**YOUR GOAL**
From the line with "Mr. Scruff KEEP IT SOLID STEEL CD" to the final line of the data below, please write out every line exactly, with no pictures.

**GIVEN MATERIAL**
━━━
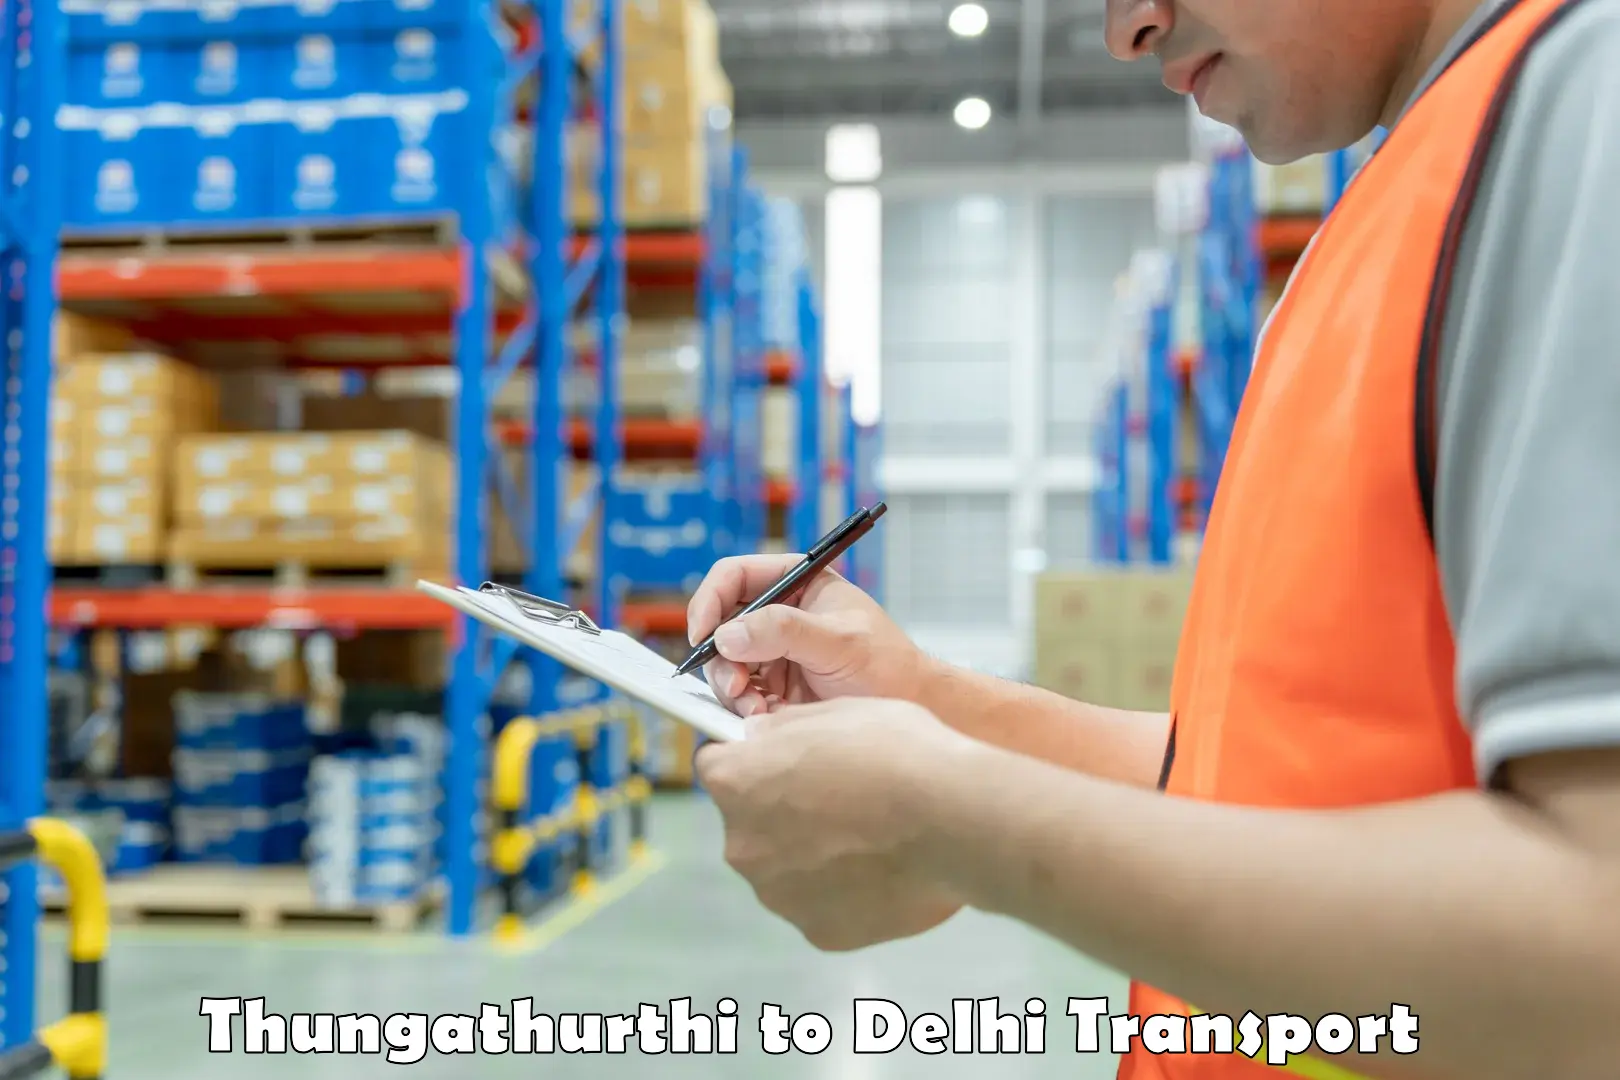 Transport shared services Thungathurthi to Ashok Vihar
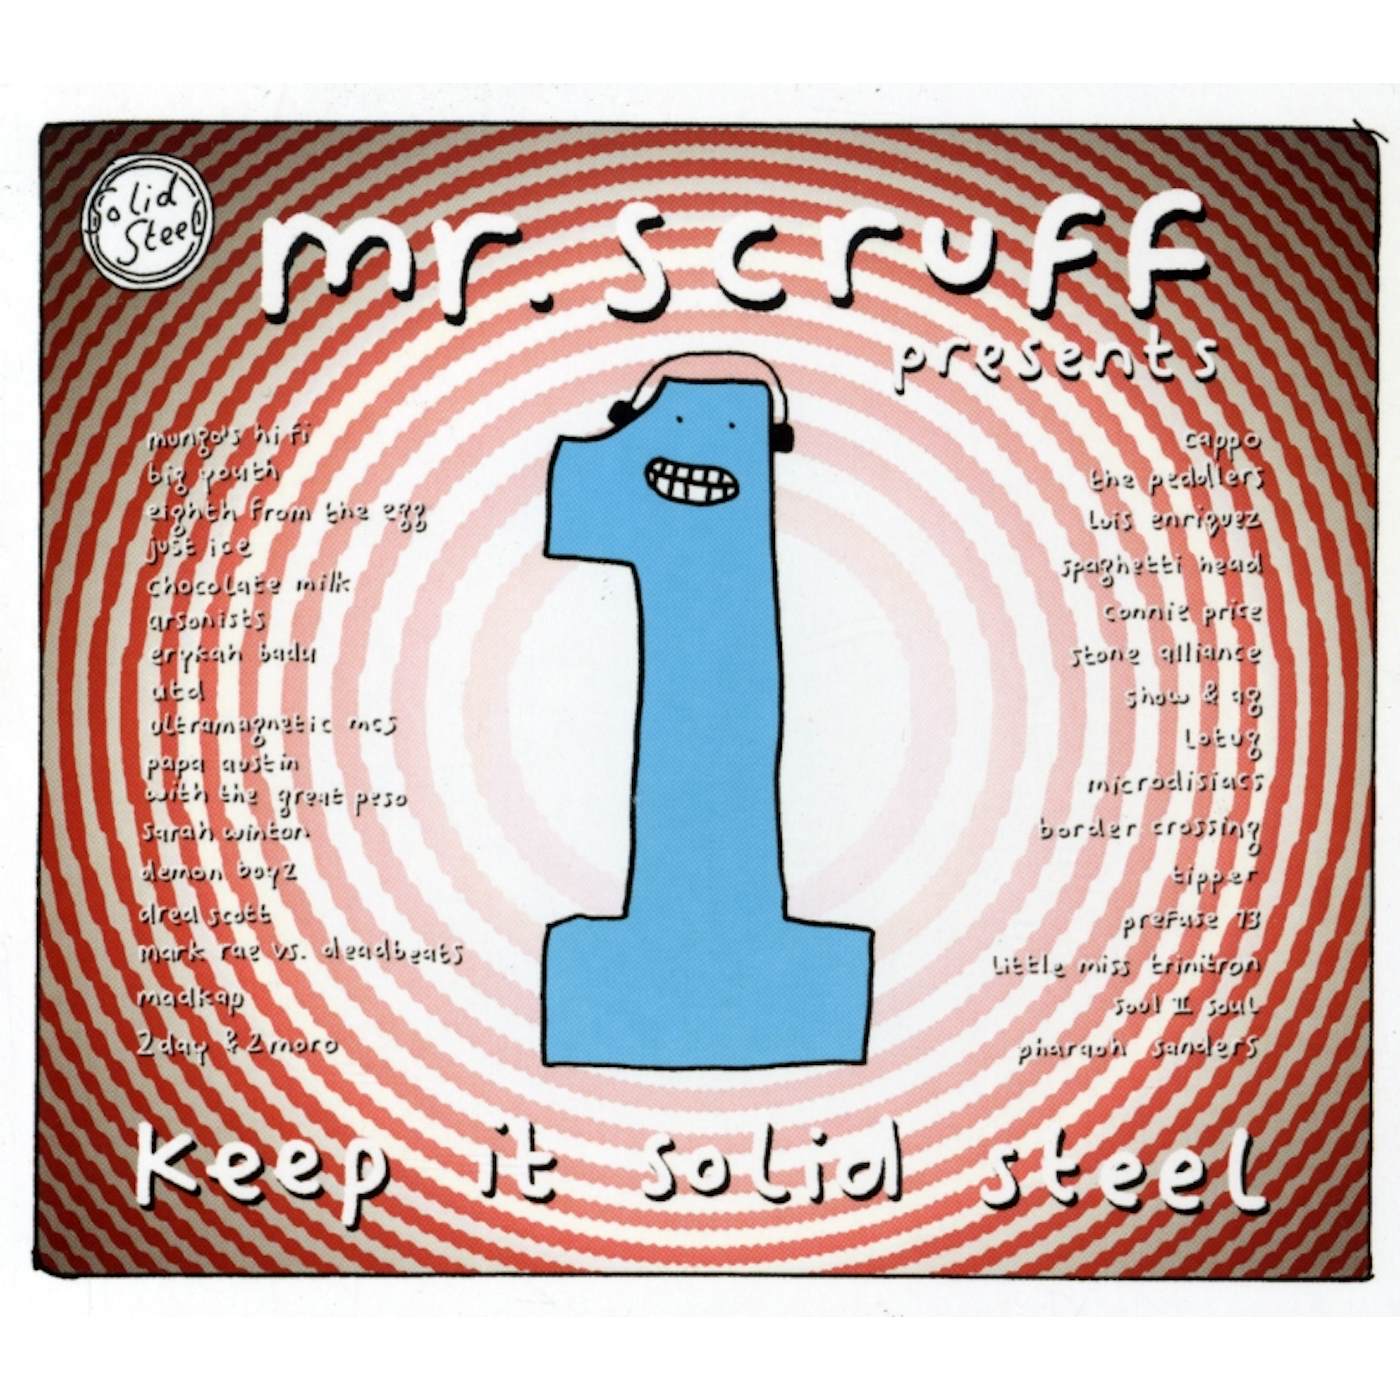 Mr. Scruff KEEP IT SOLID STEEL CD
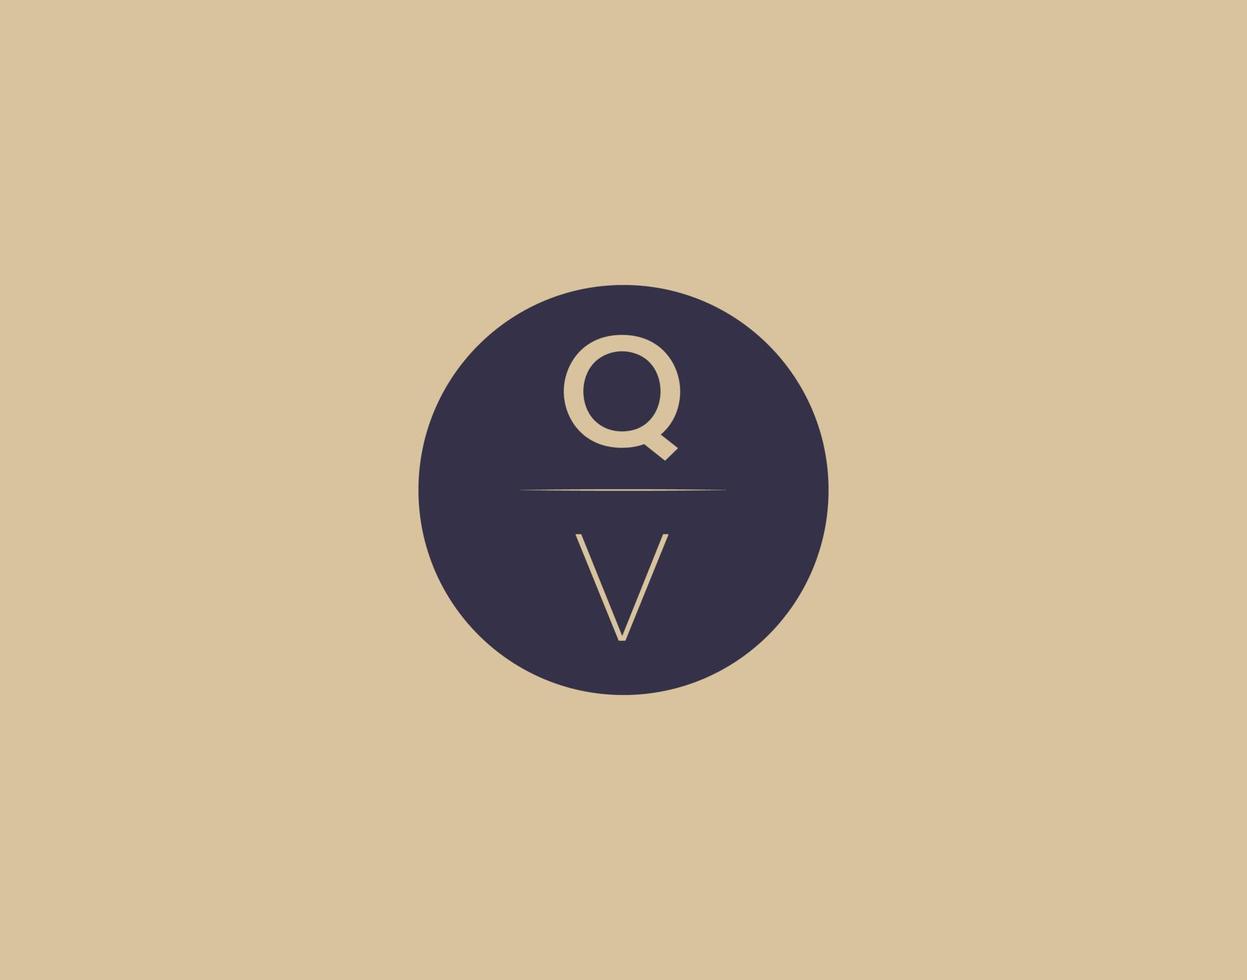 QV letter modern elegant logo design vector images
━━━
**RESULT FOR THIS EXERCISE**
 Mr. Scruff KEEP IT SOLID STEEL CD
 QV letter modern elegant logo design vector images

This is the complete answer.